Three ways therapy saves you money over time
There's no getting around it. Therapy, like a personal trainer or healthy diet, is a financial investment.
When you're working hard to earn your income, and likely already spending a majority of your income on things like high rent and coffee costs in NYC, taking the leap to invest in therapy can feel like a financial risk. At first.
The experience of a positive therapeutic relationship is unlike any other. Sometimes, it takes a few weeks to feel grounded and seen. Other times, after just one session, the catharsis of having a space to unpack and connect sends a rush of endorphins to your brain, improving your day right away.
Inevitably, over time, the benefits of therapy far outweigh its cost. If you're not going to invest in yourself, what are you going to invest in?
To paint a more objective illustration of how therapy can help your mind and your wallet, here are three ways psychotherapy can literally save you money over time.
More productivity at work
Research on productivity in the workplace found depression can lead to absenteeism, lower productivity, and higher healthcare costs if the worker’s symptoms go untreated.
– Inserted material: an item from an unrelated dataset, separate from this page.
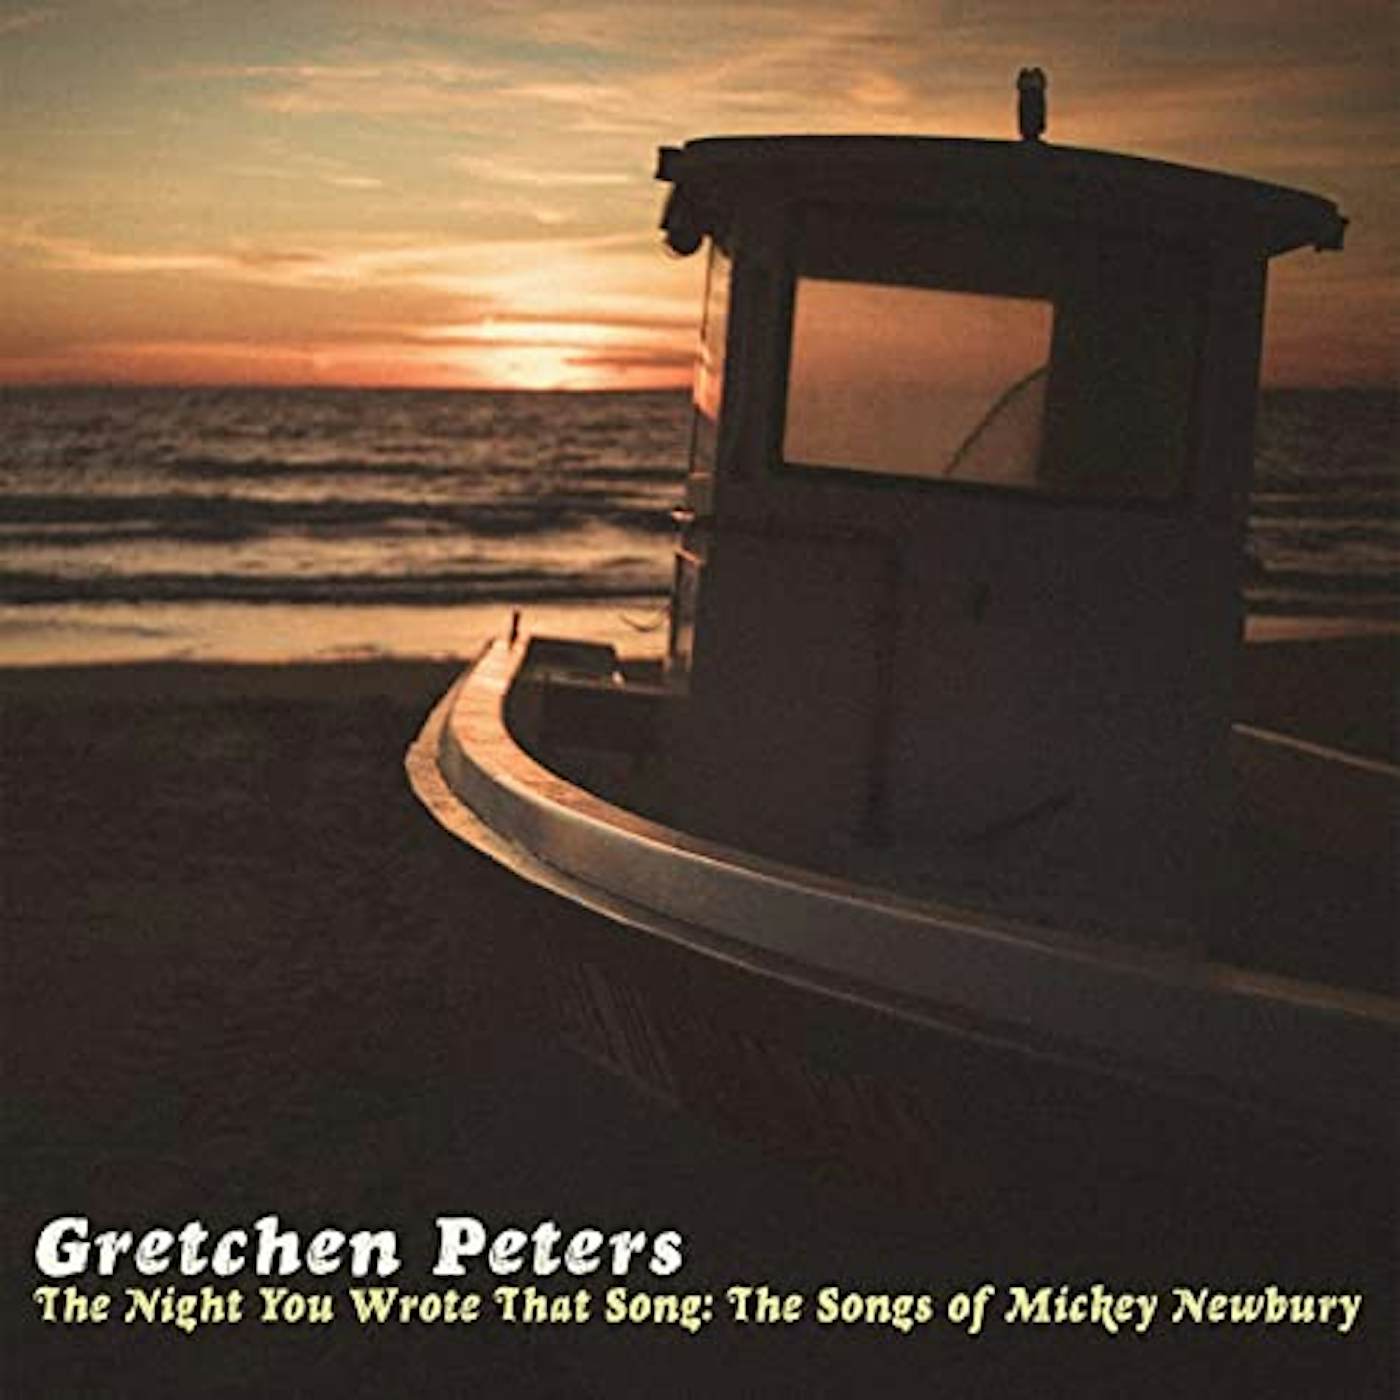 Gretchen Peters NIGHT YOU WROTE THAT SONG: SONGS OF MICKEY NEWBURY Vinyl Record
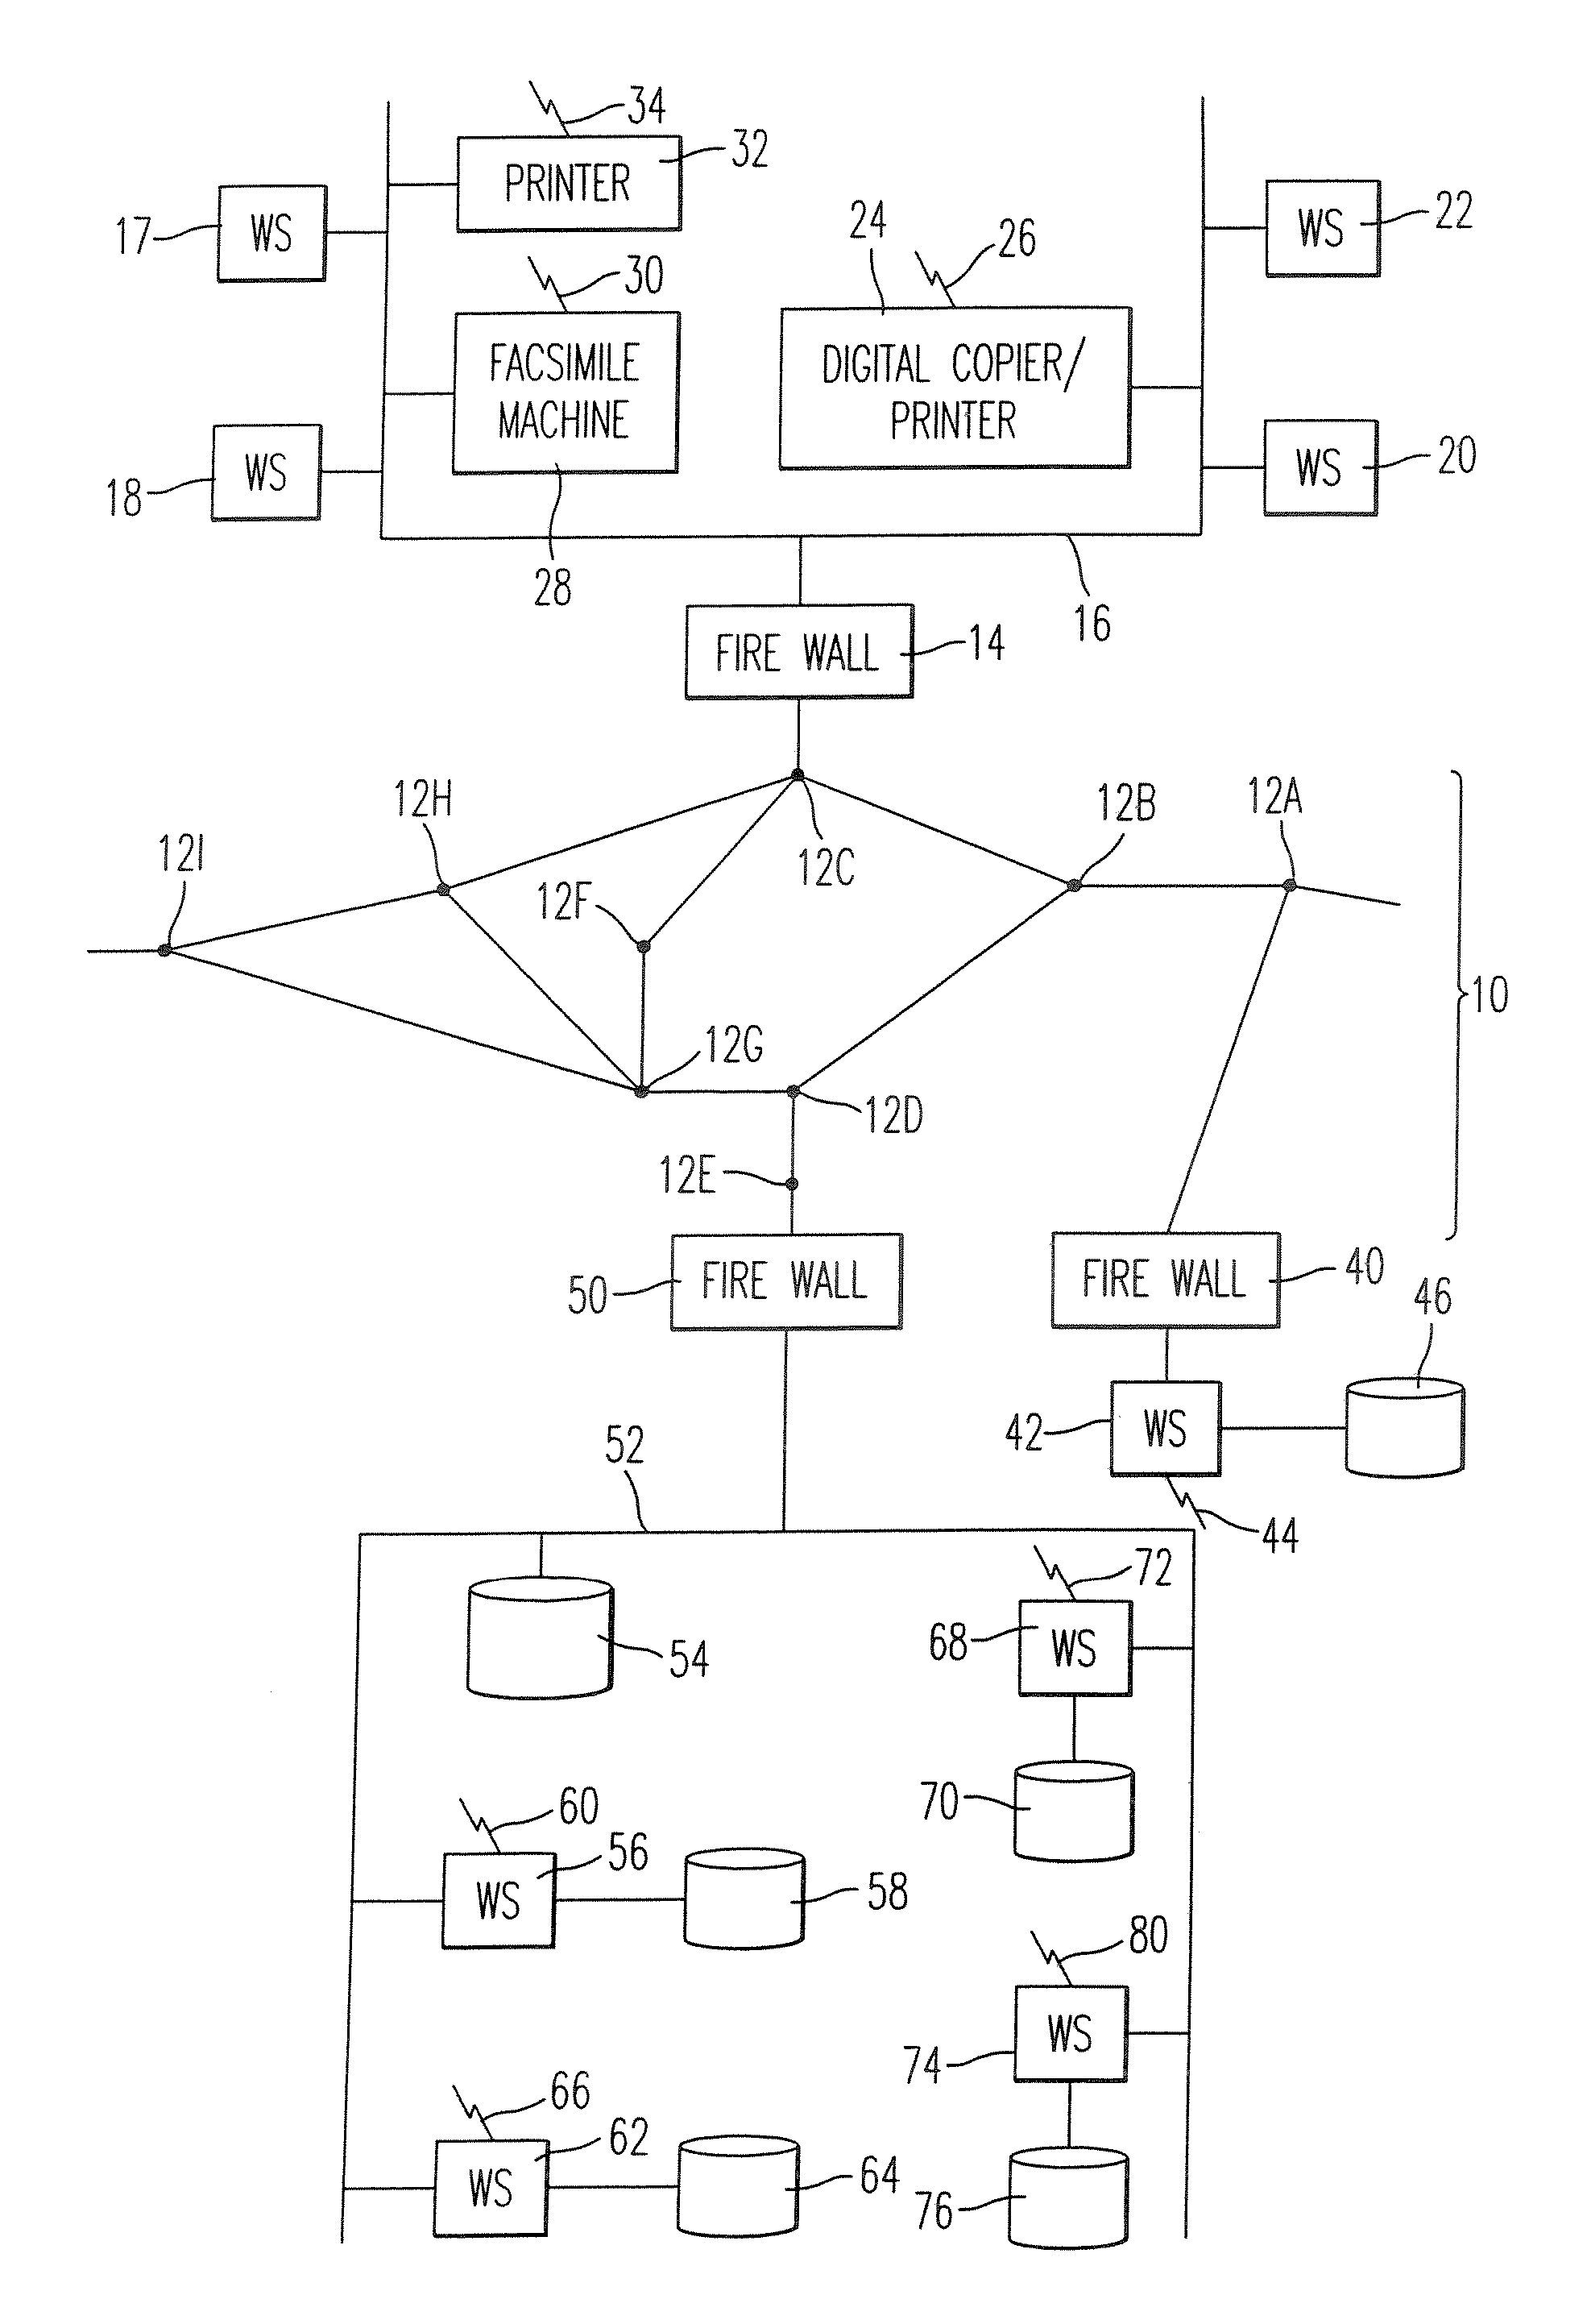 Method and system for diagnosis and control of machines using connectionless modes having delivery monitoring and an alternate communication mode

Some savvy workplaces invest in specialized cognitive-behavioral treatments and brief and longer-term psychodynamic interventions, but most do not provide important stress-management-specific services to their employees. Instead, most employee assistant programs (EAPs) focus on physical health, despite physical and mental health being undoubtedly connected.
Often, EAP programs connect you to insurance, which provides you a list of therapists who are not necessarily available, accepting new clients, or actively accepting that insurance. Sound familiar? Employees often have to call 10-15 therapists from their EAP list before receiving a call back.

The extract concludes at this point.